Vándalo, que se unió a Northeastern después de trabajar para varias startups en el área de Boston, ha utilizado una tecnología relacionada llamada aprendizaje automático en la industria para el análisis de expresiones faciales y el reconocimiento de emociones. Pero después de conocer a Auroop Ganguly, se dio cuenta de que la tecnología podría tomar un camino más virtuoso al marcar la diferencia en la ciencia del clima, un área que le importa profundamente.
"En lugar de utilizar el aprendizaje automático para que las personas hagan clic en los anuncios o maximicen las visitas a la página, Decidí que resolver problemas en la ciencia del clima era un mejor uso de mis habilidades y tiempo, "Dijo Vandal.
El resultado de la investigación del equipo es un marco llamado DeepSD, que significa reducción de escala estadística basada en el aprendizaje profundo.
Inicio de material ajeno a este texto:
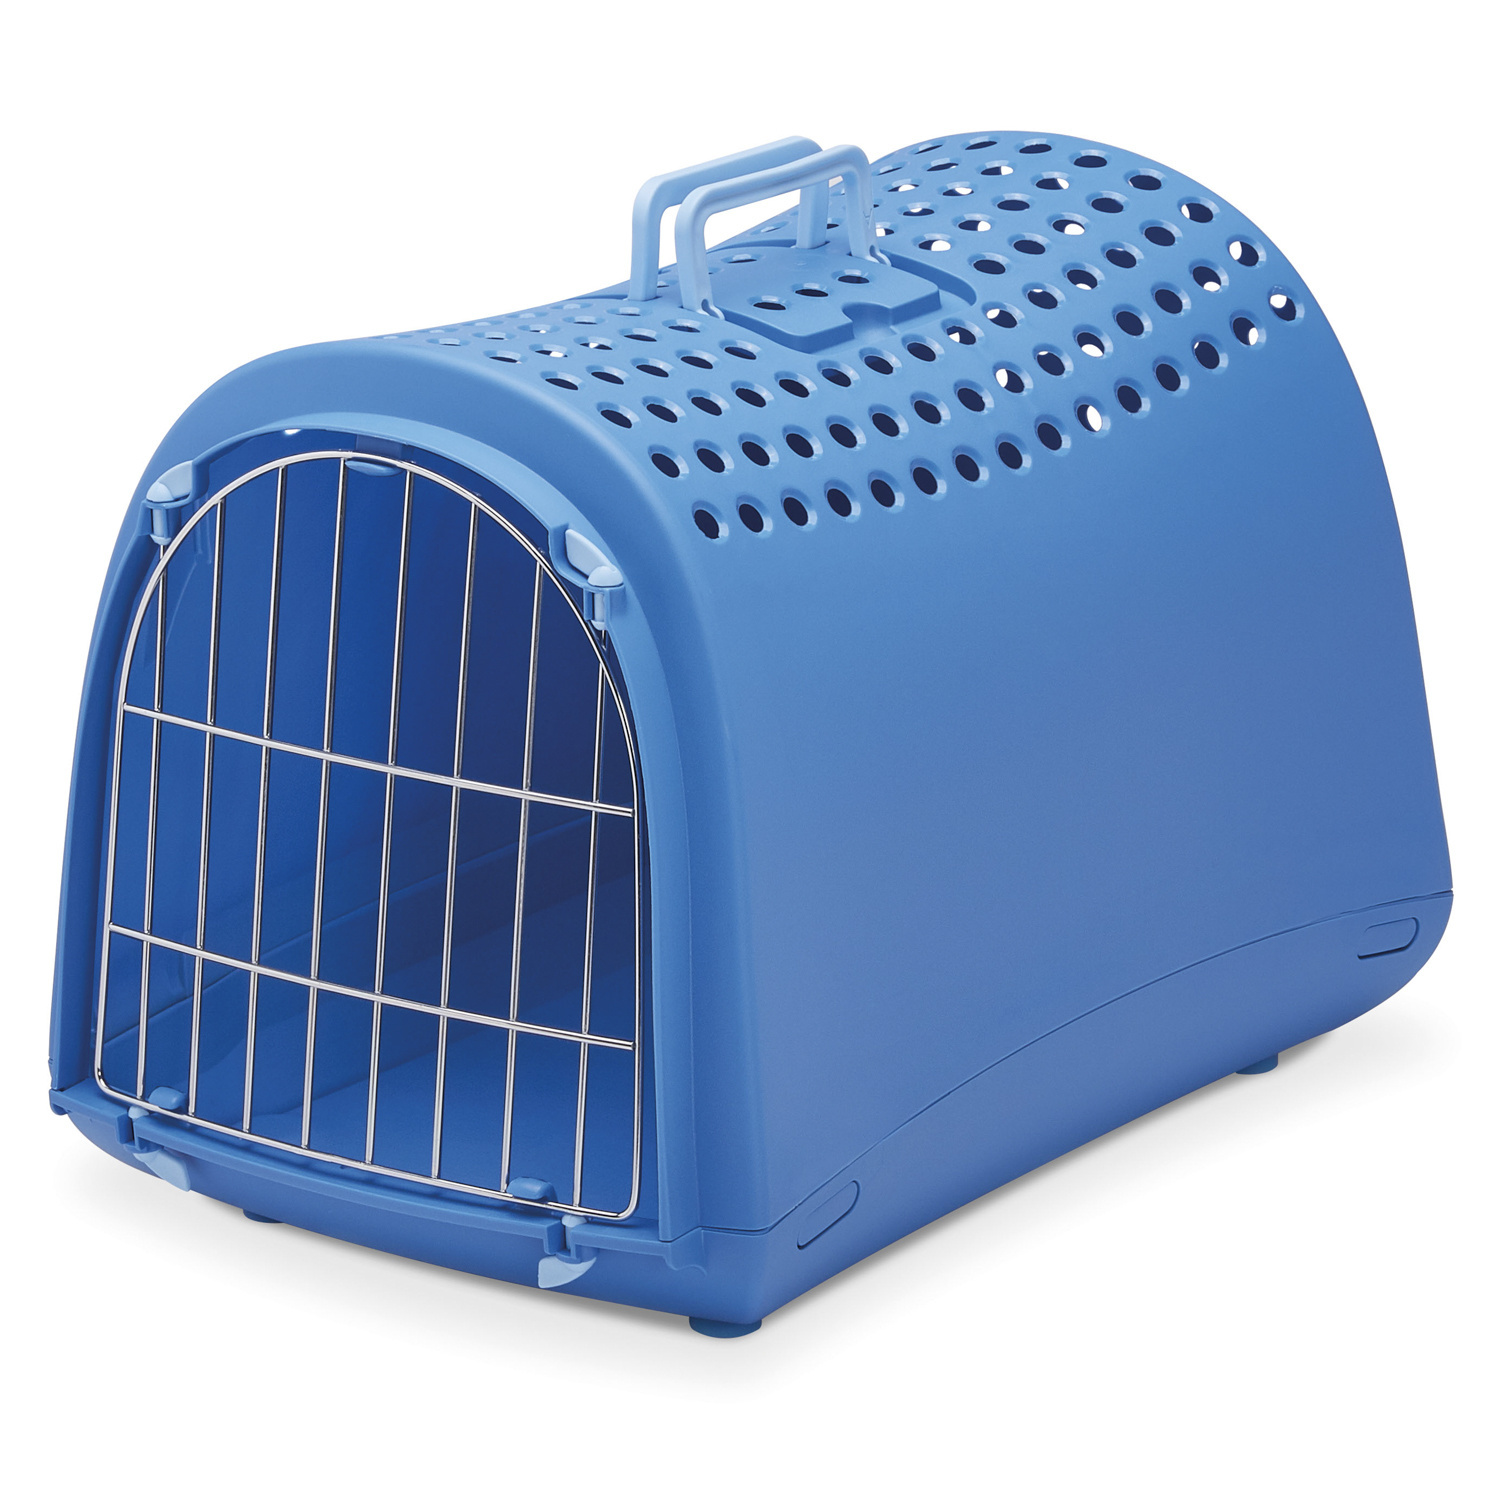 IMAC IMAC переноска для кошек и собак, нежно-голубой (1,37 кг) imac imac переноска для кошек и собак антрацит 1 37 кг

El sistema ayuda a enfocar conjuntos de datos climáticos dispares con diversos grados de detalle.
"Estos conjuntos de datos reducidos serán de inmenso valor para los investigadores del clima y los modeladores ecoclimáticos que quieran estudiar cualquier cosa, desde el impacto de los ecosistemas hasta los cambios en el clima para escenarios futuros de calentamiento, "dijo Sangram Ganguly, uno de los coautores del estudio y un científico investigador principal del Instituto de Investigación Ambiental del Área de la Bahía en el Centro de Investigación Ames de la NASA.
Y esto es sólo el principio. Vandal cree que el concepto DeepSD podría usarse para resolver una variedad de problemas climáticos, desde el seguimiento del clima extremo hasta la predicción de desastres con mayor confianza. En el mundo de la informática, la tecnología está todavía en pañales.
"El campo de la informática cambia muy rápido, ", Dijo Auroop Ganguly." Un año es como una edad geológica en algunos otros campos ".